* WHAT THE TASK ASKS
Without the pictures, retype each line below exactly as it stands.

* PROVIDED MATERIAL
--------------------

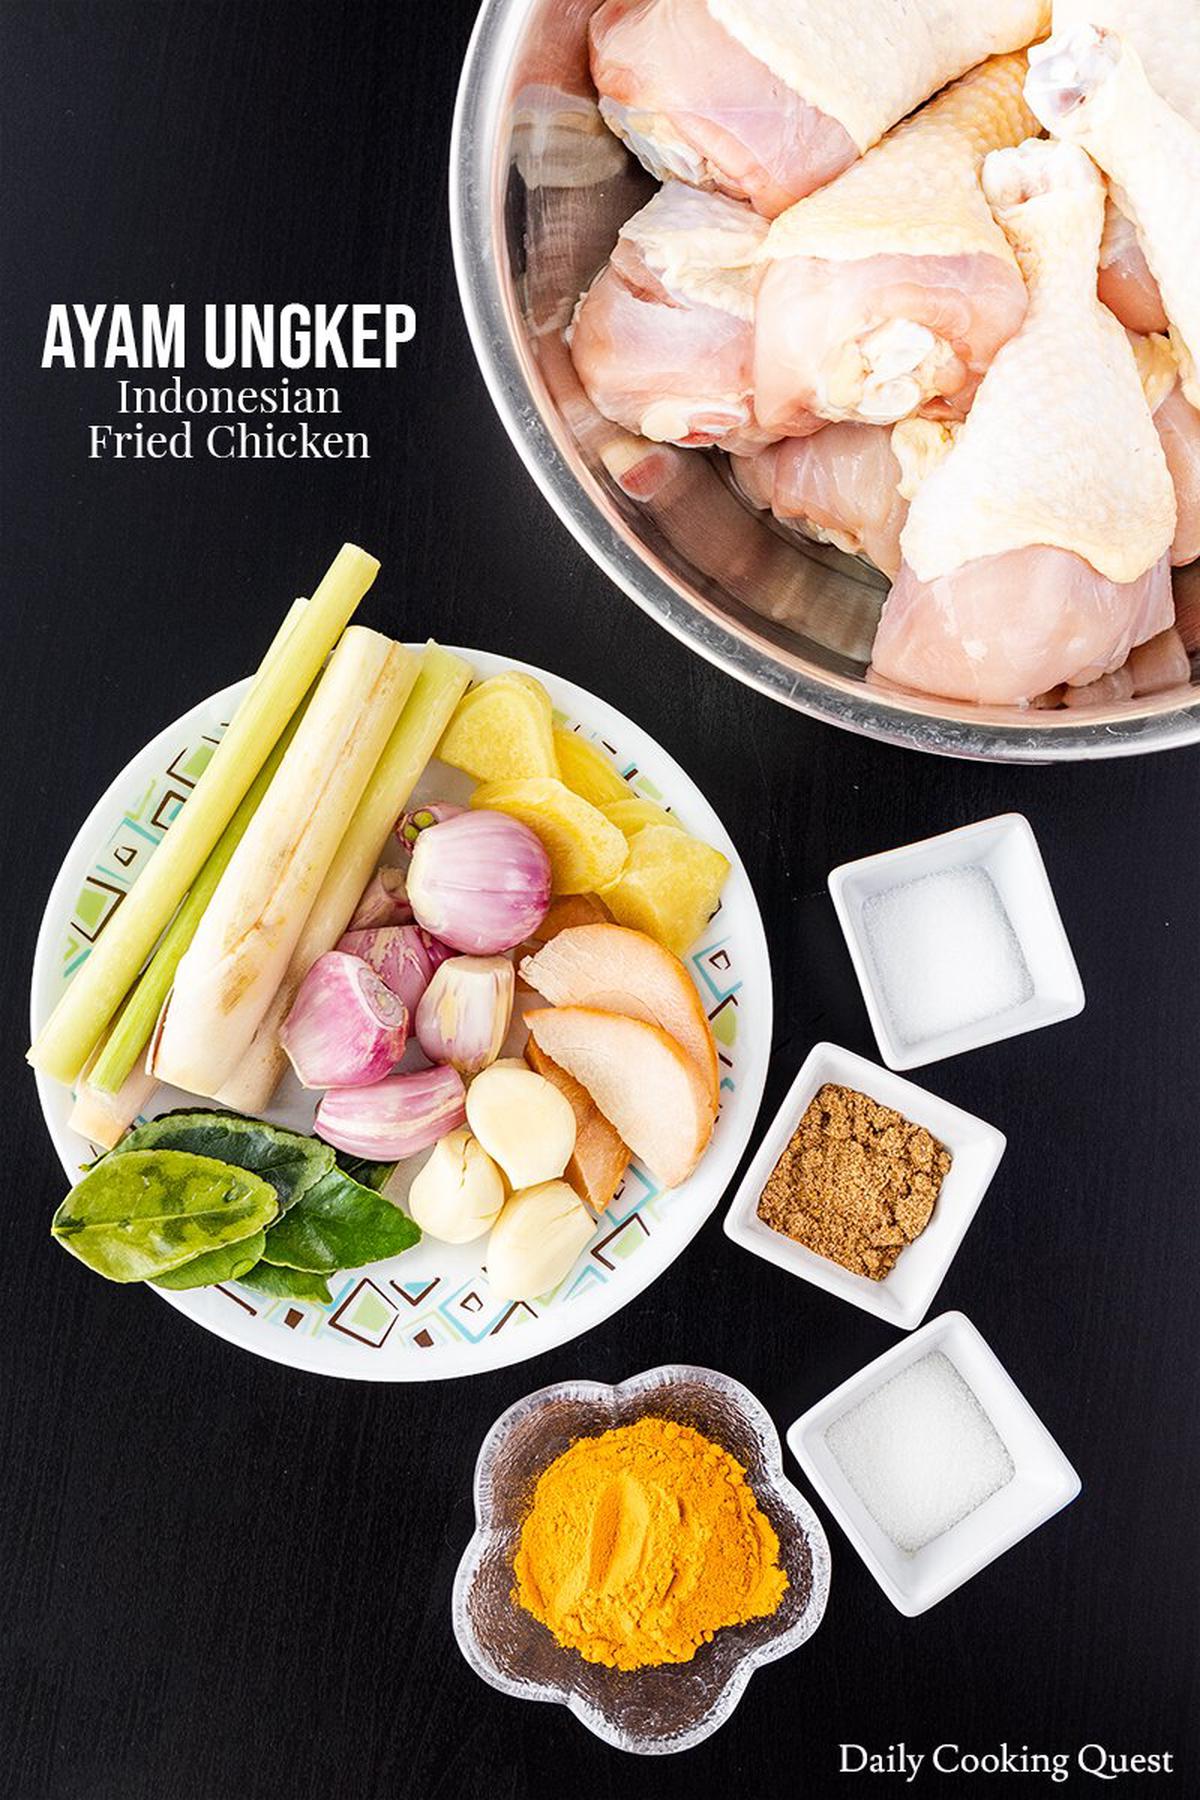 Ingredients for Ayam Ungkep - Indonesian Fried Chicken
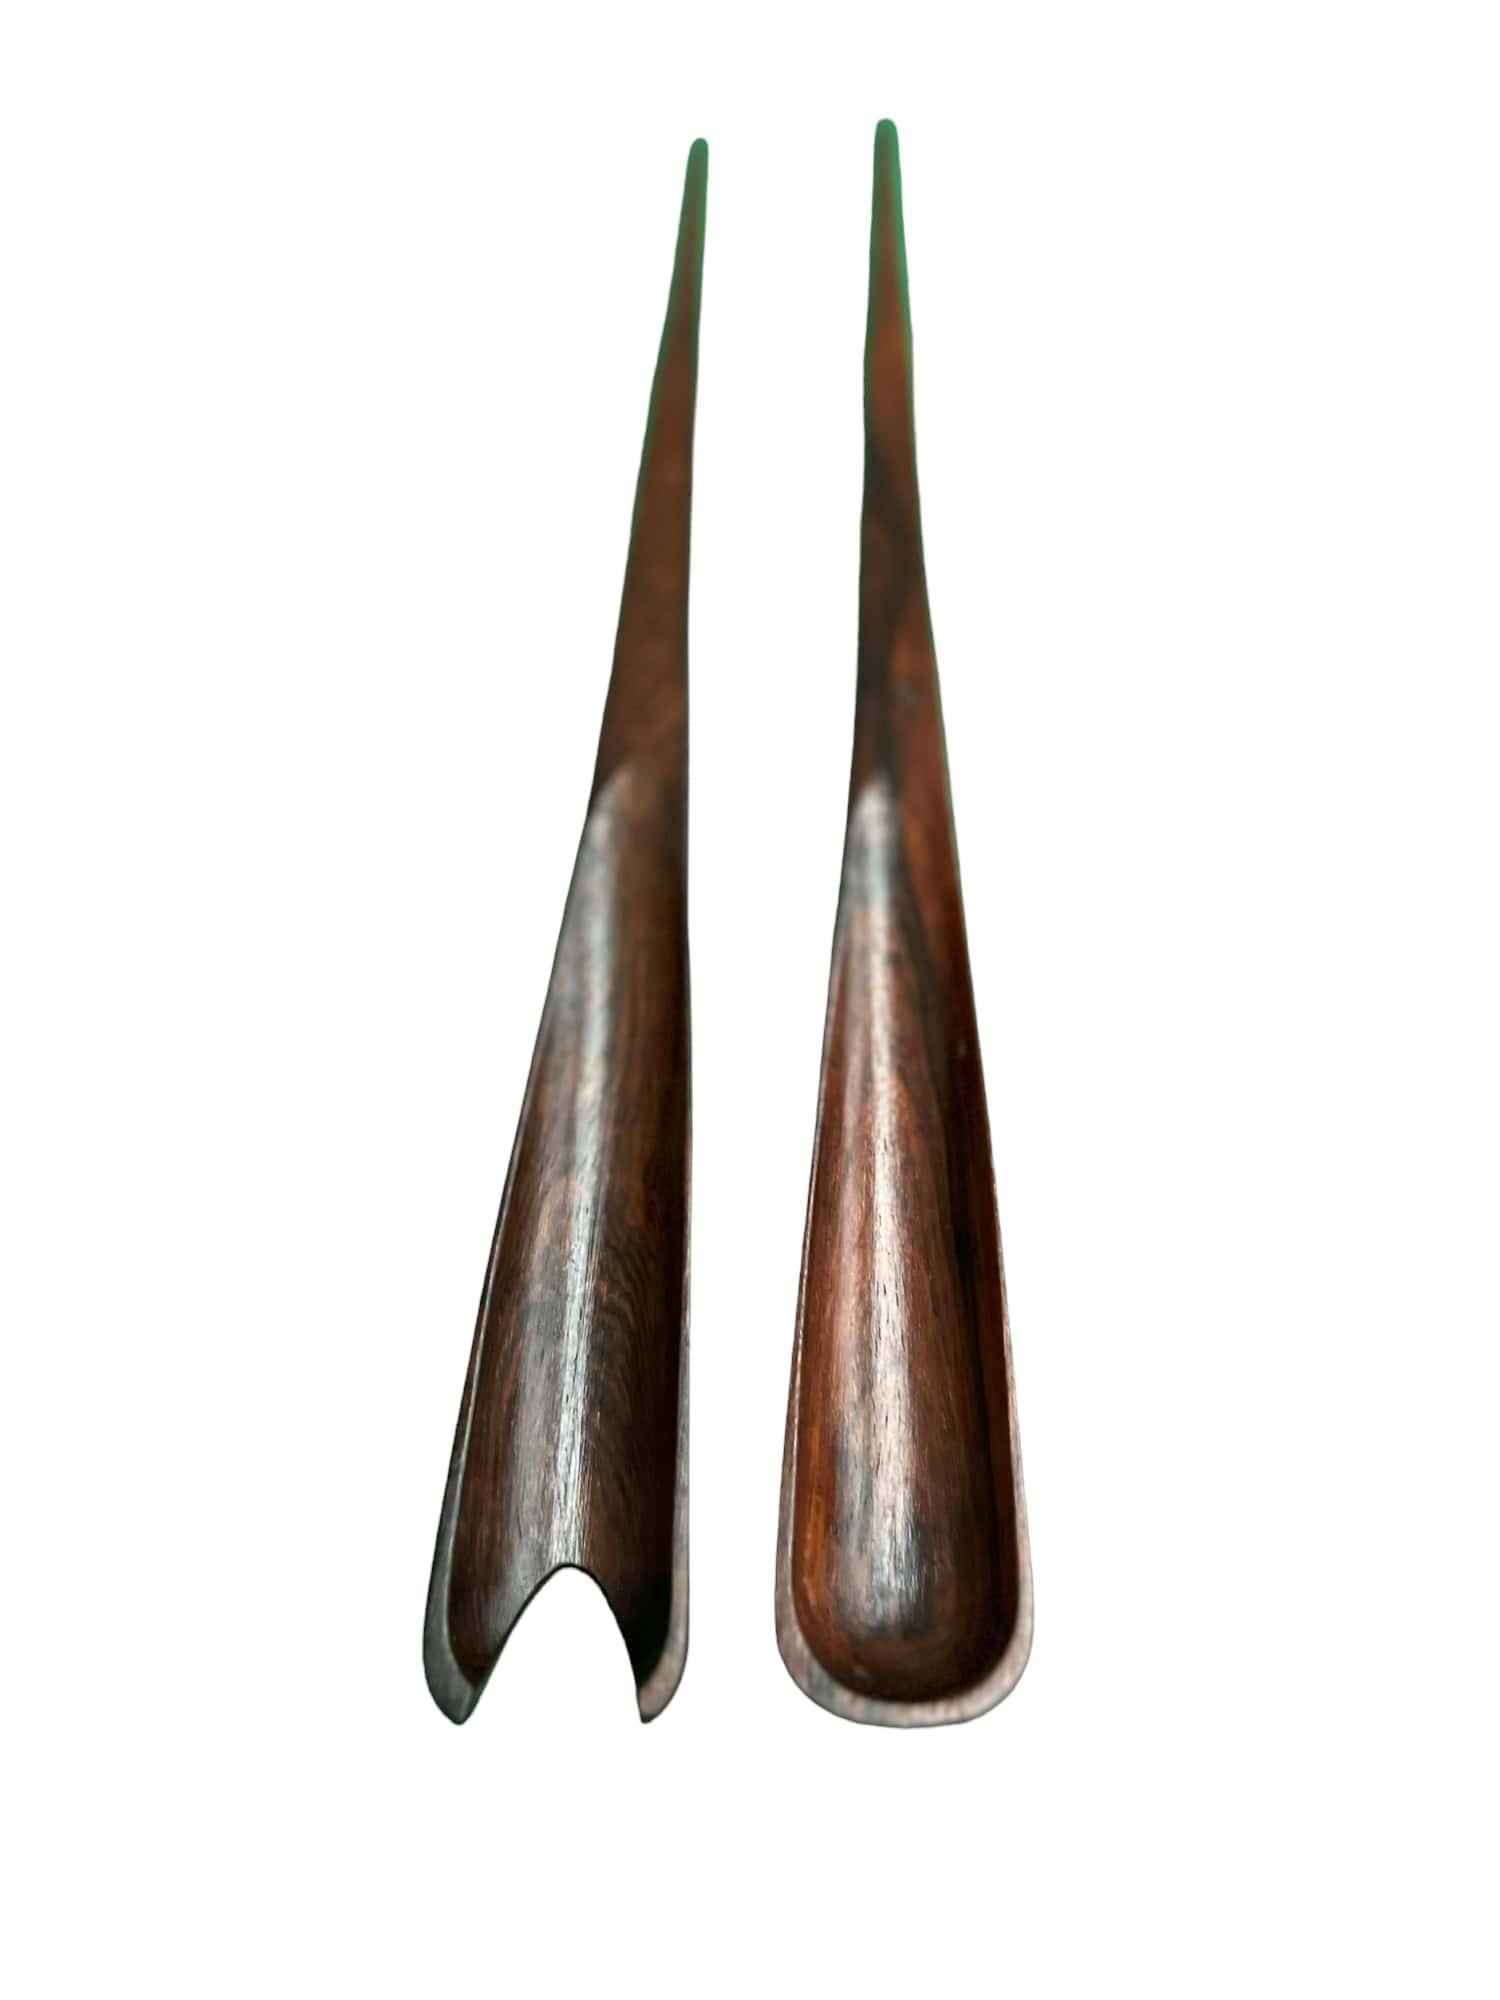 Brazilian Mid-Century Modern Salad Forks in Hardwood, by Jean Gillon, 1960s In Good Condition For Sale In New York, NY
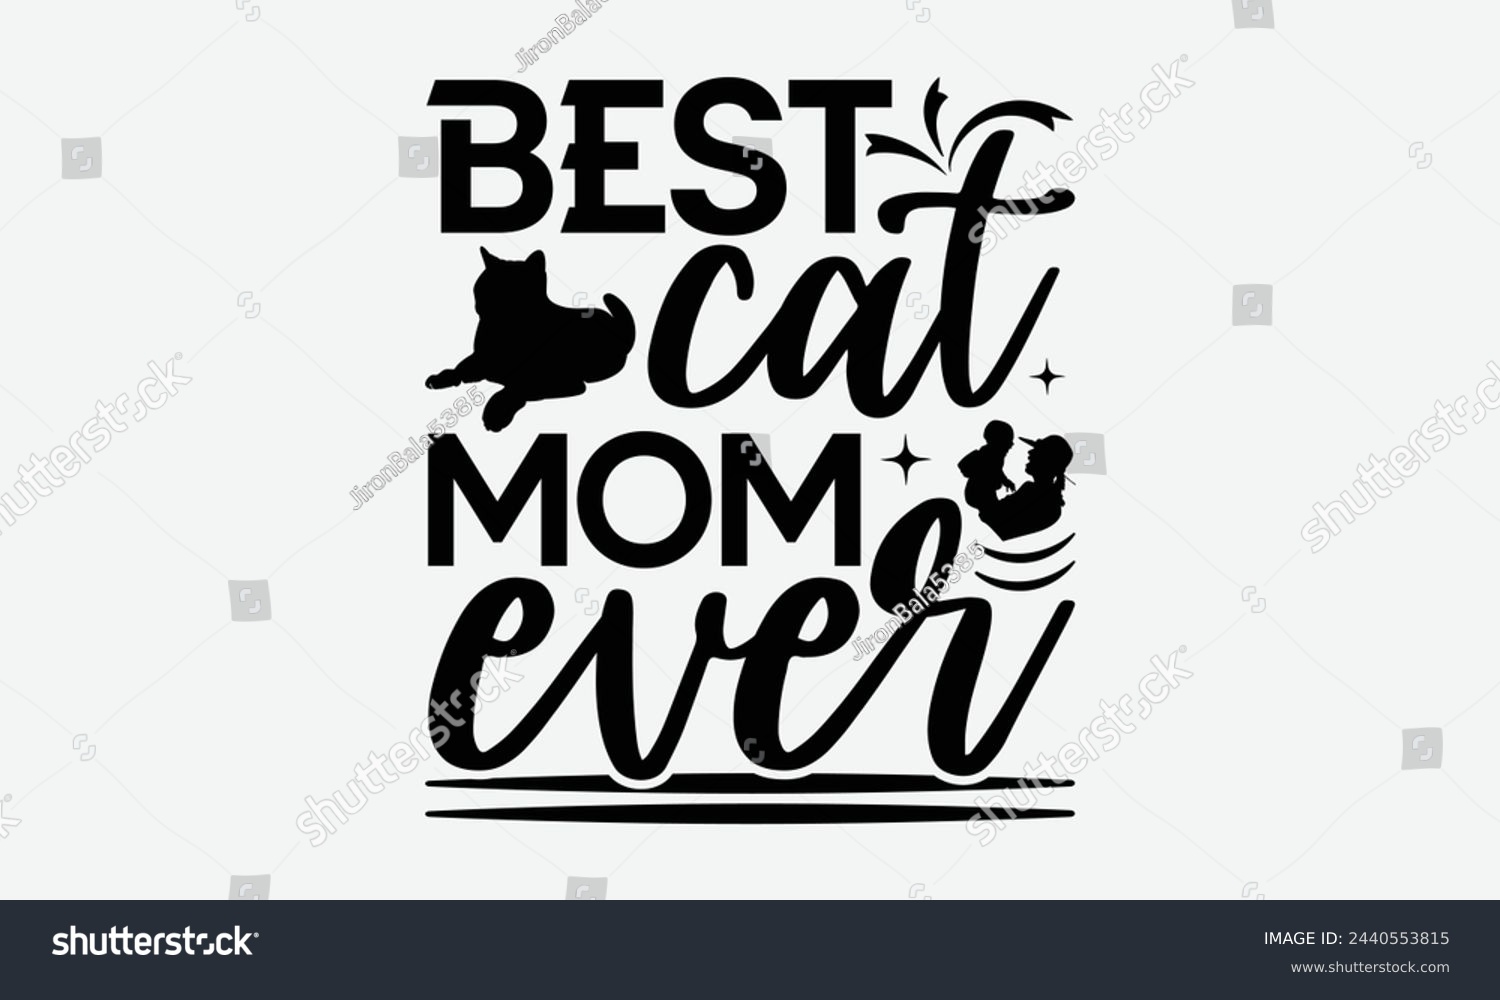 SVG of Best cat mom ever - MOM T-shirt Design,  Isolated on white background, This illustration can be used as a print on t-shirts and bags, cover book, templet, stationary or as a poster. svg

--------------------

* RESULT FOR THIS TASK
 Ingredients for Ayam Ungkep - Indonesian Fried Chicken
 Brazilian Mid-Century Modern Salad Forks in Hardwood, by Jean Gillon, 1960s In Good Condition For Sale In New York, NY
 SVG of Best cat mom ever - MOM T-shirt Design,  Isolated on white background, This illustration can be used as a print on t-shirts and bags, cover book, templet, stationary or as a poster. svg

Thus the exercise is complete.